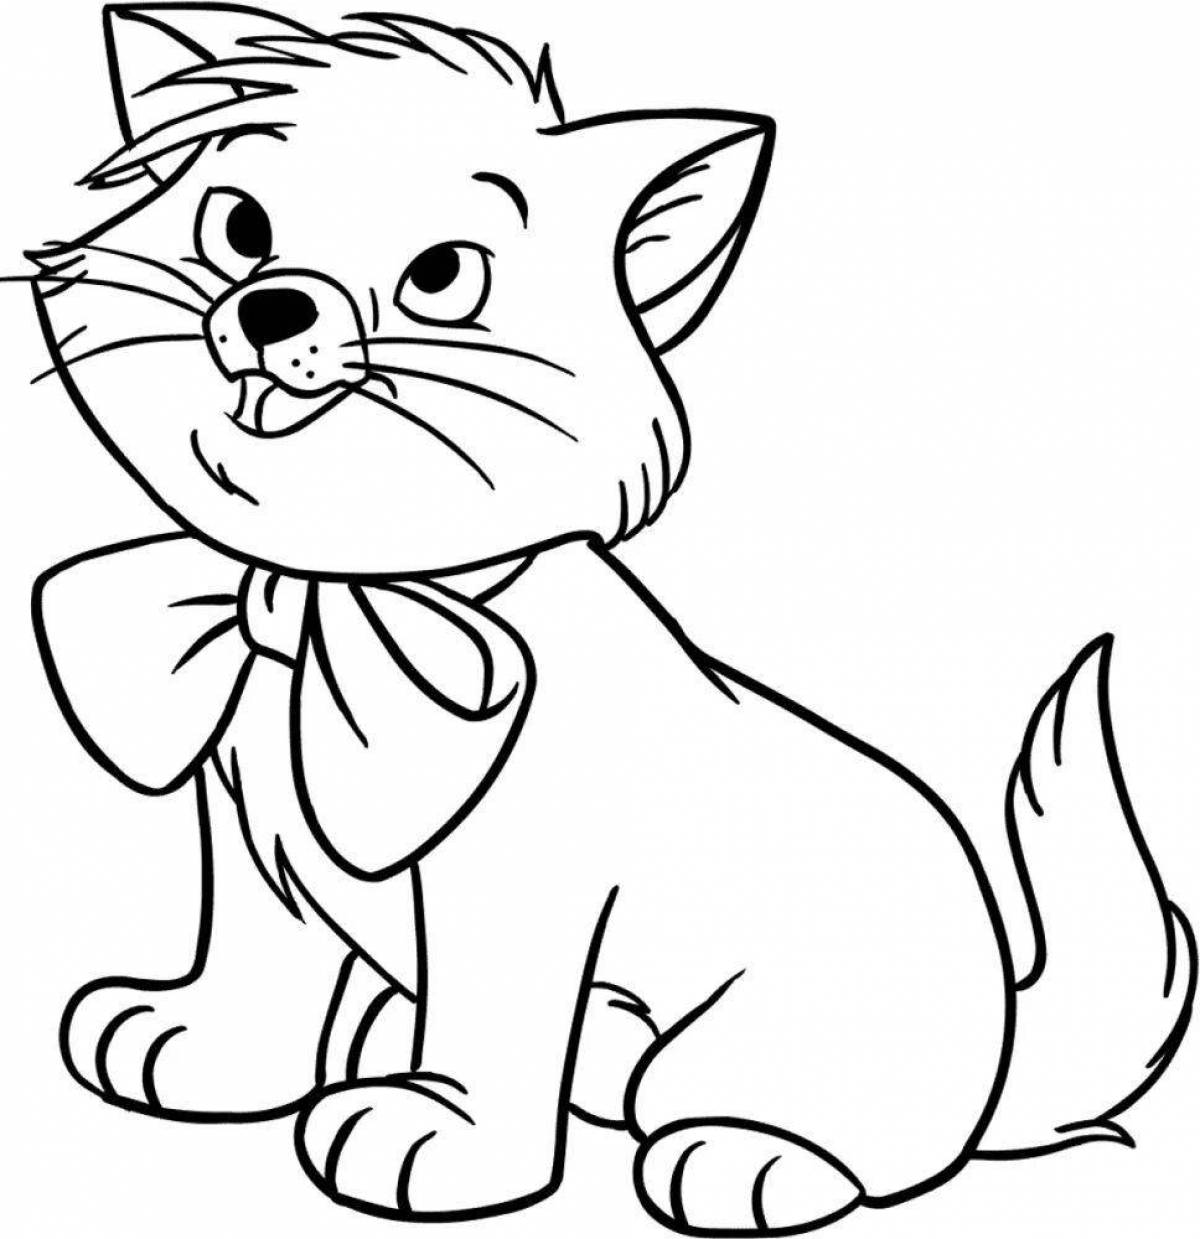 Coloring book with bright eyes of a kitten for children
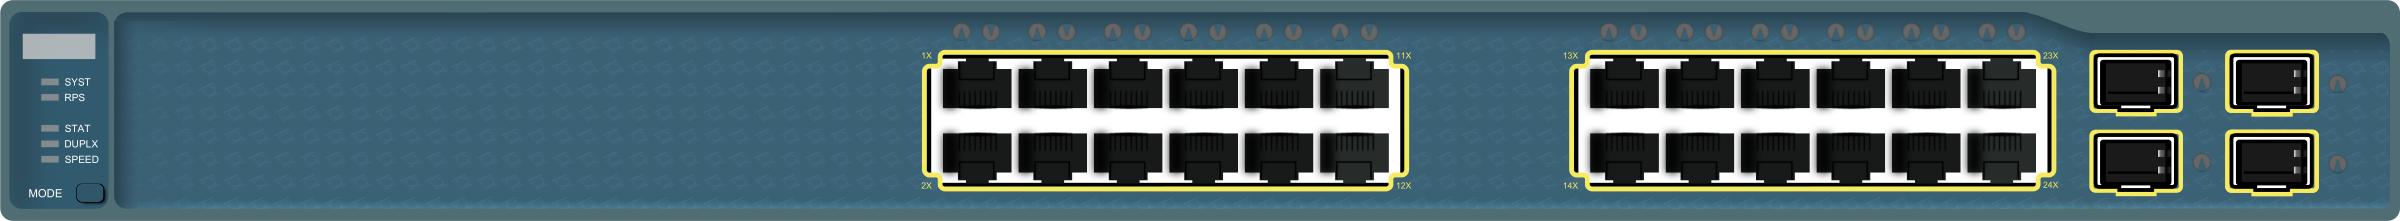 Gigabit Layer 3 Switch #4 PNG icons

...

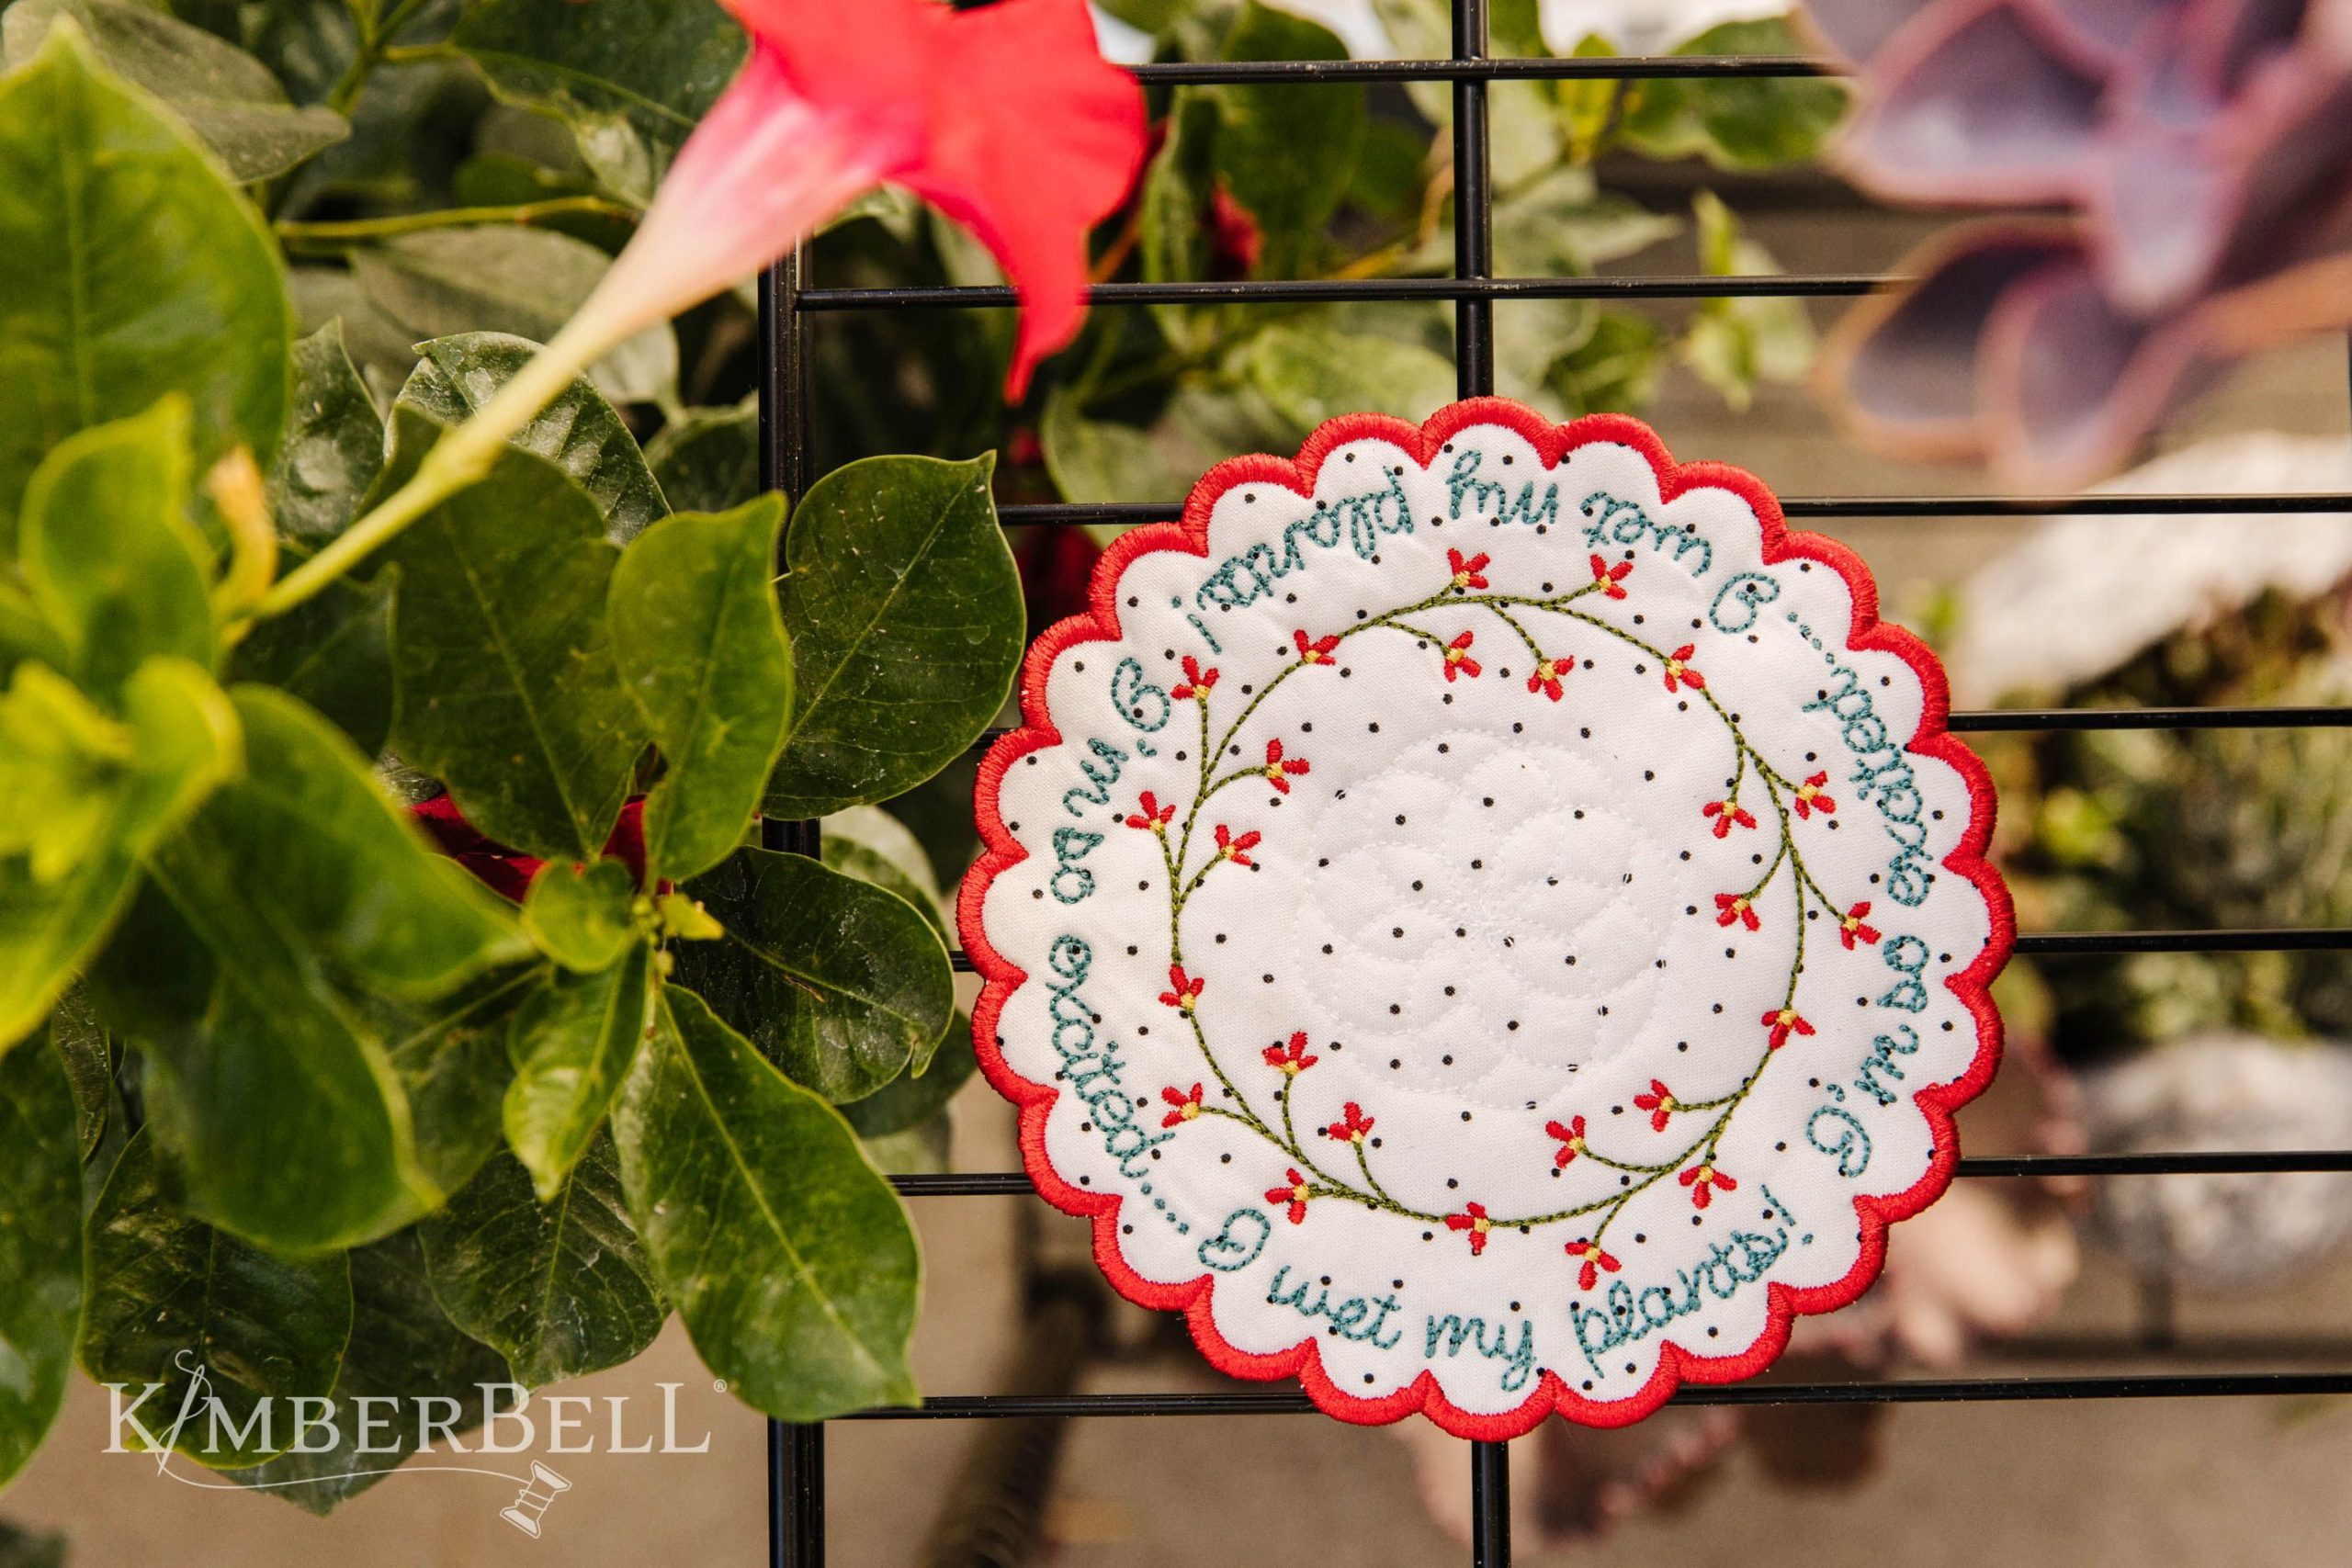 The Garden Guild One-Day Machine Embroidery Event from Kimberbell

### Work required
Reproduce the lines above starting at the one with "Coloring book with" and ending at the one with "Gigabit Layer 3 Switch #4 PNG icons", both included, exactly and with no pictures.

### Exercise response
 Coloring book with bright eyes of a kitten for children
 Gigabit Layer 3 Switch #4 PNG icons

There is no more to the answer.